> PROBLEM TO WORK ON: Everything from the line containing "Tamiya - TG10" through the line containing "[Vidéo] Martinique. Rencontre" in the listing below should be copied exactly, and nothing more.

==== INPUT RECORDS ====

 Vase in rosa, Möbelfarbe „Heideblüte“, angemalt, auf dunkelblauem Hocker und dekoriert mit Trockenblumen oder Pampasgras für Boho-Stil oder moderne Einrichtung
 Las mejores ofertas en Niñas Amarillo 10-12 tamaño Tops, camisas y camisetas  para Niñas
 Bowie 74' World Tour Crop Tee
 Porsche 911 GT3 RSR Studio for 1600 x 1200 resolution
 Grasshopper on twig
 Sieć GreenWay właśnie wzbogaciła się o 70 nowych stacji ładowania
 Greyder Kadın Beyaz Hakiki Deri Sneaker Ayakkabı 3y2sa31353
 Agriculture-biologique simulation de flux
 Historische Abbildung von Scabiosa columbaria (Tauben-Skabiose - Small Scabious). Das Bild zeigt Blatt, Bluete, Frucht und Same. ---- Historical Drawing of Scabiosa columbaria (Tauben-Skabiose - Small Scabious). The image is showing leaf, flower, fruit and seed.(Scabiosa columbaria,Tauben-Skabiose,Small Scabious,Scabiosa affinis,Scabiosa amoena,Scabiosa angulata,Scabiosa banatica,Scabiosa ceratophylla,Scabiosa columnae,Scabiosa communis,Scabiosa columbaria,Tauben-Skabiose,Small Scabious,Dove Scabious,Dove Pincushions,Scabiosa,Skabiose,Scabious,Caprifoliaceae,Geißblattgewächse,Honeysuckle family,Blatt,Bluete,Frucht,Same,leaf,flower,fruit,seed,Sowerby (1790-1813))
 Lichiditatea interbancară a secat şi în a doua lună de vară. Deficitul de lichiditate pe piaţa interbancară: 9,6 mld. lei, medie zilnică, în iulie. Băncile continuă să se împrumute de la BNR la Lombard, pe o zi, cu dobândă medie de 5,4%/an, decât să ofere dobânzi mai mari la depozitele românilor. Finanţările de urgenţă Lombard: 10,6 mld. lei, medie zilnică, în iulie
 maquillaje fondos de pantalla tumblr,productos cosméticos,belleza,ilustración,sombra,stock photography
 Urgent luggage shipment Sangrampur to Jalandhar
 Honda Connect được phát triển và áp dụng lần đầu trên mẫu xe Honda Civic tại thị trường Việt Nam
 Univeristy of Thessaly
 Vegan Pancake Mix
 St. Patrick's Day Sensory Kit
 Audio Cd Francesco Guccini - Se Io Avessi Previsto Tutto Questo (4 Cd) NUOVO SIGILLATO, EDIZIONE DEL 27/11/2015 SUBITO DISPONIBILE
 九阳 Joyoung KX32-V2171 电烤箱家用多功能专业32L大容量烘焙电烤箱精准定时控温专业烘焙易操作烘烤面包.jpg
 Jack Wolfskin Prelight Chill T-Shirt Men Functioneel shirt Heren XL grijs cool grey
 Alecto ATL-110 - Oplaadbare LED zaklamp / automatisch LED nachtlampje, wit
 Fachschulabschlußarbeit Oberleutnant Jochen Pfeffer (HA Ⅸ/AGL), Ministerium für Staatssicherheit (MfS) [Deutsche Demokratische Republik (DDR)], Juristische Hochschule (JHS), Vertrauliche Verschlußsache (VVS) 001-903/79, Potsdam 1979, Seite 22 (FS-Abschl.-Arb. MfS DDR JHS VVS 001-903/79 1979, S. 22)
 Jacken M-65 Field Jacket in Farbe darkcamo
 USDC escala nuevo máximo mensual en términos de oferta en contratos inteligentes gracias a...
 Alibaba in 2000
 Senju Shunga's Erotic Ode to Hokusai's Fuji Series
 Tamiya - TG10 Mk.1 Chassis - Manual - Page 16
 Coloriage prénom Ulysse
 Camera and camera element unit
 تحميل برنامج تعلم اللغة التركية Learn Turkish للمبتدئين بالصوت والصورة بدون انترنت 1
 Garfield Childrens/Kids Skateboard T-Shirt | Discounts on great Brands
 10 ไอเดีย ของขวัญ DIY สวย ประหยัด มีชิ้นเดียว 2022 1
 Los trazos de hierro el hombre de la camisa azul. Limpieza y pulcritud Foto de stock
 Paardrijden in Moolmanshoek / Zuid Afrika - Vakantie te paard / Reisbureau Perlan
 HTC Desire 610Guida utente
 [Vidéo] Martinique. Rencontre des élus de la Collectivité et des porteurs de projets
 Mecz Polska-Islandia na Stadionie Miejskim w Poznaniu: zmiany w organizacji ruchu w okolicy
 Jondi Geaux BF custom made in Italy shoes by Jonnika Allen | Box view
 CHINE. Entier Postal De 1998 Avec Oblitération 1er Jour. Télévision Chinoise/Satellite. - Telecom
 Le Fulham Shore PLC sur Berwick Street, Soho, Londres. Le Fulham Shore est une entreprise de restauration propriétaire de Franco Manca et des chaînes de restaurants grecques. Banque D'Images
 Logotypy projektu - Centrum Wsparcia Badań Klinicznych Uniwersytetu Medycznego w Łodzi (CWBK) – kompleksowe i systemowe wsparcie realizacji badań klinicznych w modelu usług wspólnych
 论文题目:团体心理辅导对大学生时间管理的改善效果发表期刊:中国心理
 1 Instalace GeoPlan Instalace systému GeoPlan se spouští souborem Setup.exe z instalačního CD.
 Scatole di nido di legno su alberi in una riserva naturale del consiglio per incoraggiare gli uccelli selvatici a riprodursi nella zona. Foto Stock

====

> RESULT OF THE TASK:
 Tamiya - TG10 Mk.1 Chassis - Manual - Page 16
 Coloriage prénom Ulysse
 Camera and camera element unit
 تحميل برنامج تعلم اللغة التركية Learn Turkish للمبتدئين بالصوت والصورة بدون انترنت 1
 Garfield Childrens/Kids Skateboard T-Shirt | Discounts on great Brands
 10 ไอเดีย ของขวัญ DIY สวย ประหยัด มีชิ้นเดียว 2022 1
 Los trazos de hierro el hombre de la camisa azul. Limpieza y pulcritud Foto de stock
 Paardrijden in Moolmanshoek / Zuid Afrika - Vakantie te paard / Reisbureau Perlan
 HTC Desire 610Guida utente
 [Vidéo] Martinique. Rencontre des élus de la Collectivité et des porteurs de projets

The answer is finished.